The Stream of Consciousness Technique

Writing is generally rewarding, but sometimes, the well is dry. All writers know the feeling. Glaring at a blank page or screen while your brain teases you with one-second flashes of ideas that won’t amount to more than one sentence. Typing a few words only to backspace them after two minutes. I empathize and stand in solidarity with you, my frustrated author. In these unfortunate and all-too-frequent cases, the stream of consciousness technique can be of service.

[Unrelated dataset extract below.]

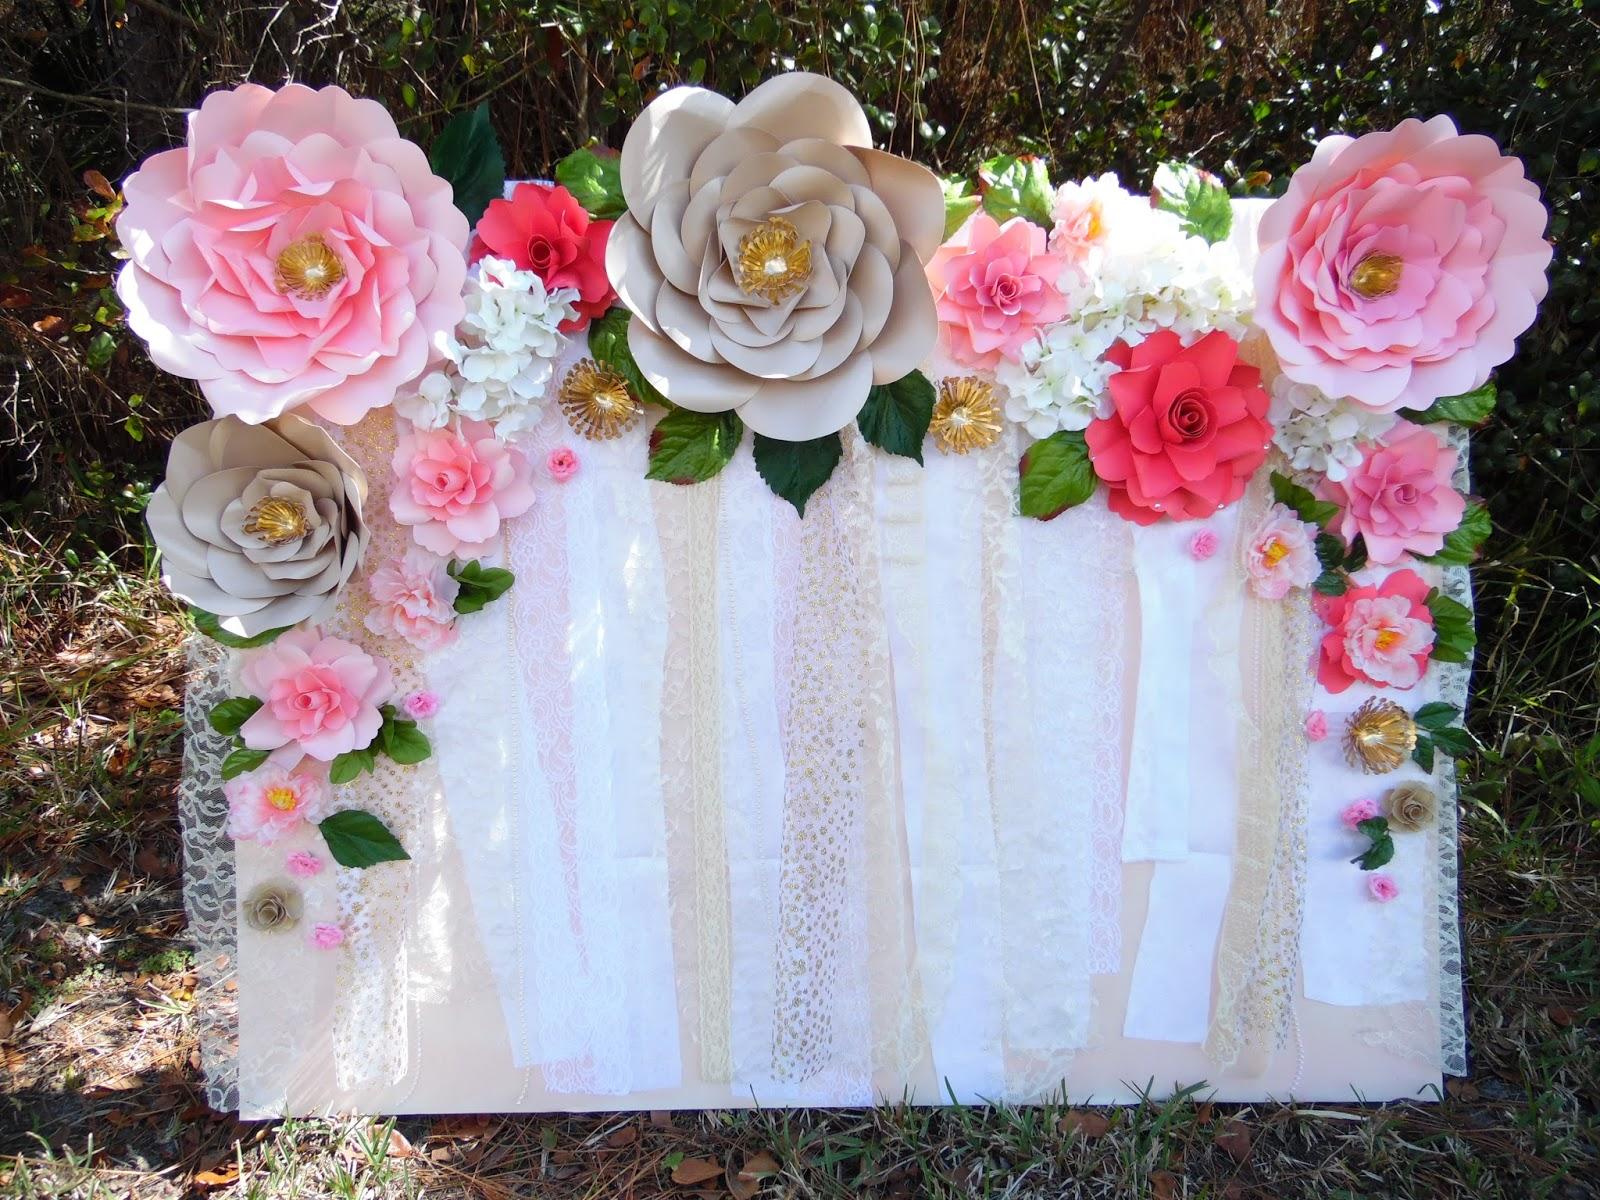 Paper Flower Photo Booth Antalexpolicenciaslatam

It’s something I learned in a dumb arts camp I went to the summer before eighth grade. The point is to get yourself writing, no matter how dull you feel at the moment. It’s really simple: just write whatever you’re thinking. That’s it. No hesitations, no editing for clarity. Expect incomplete sentences, repeated words, random jumps, and even super personal stuff you hoped you wouldn’t think of while doing the exercise, but you did anyway. When you’re finished, don’t throw it away. Keep it somewhere. Sometimes it’s interesting to see your thought processes in a tangible way. Even if you get nothing out of it, you’ll feel proud that you at least wrote something. If you’re super lucky, you’ll have gotten an idea before having finished the exercise. That’s the beauty of it. The mind is never abandoned of inspiration. Ideas are just a little shy sometimes; they take a little coaxing to fully reveal themselves.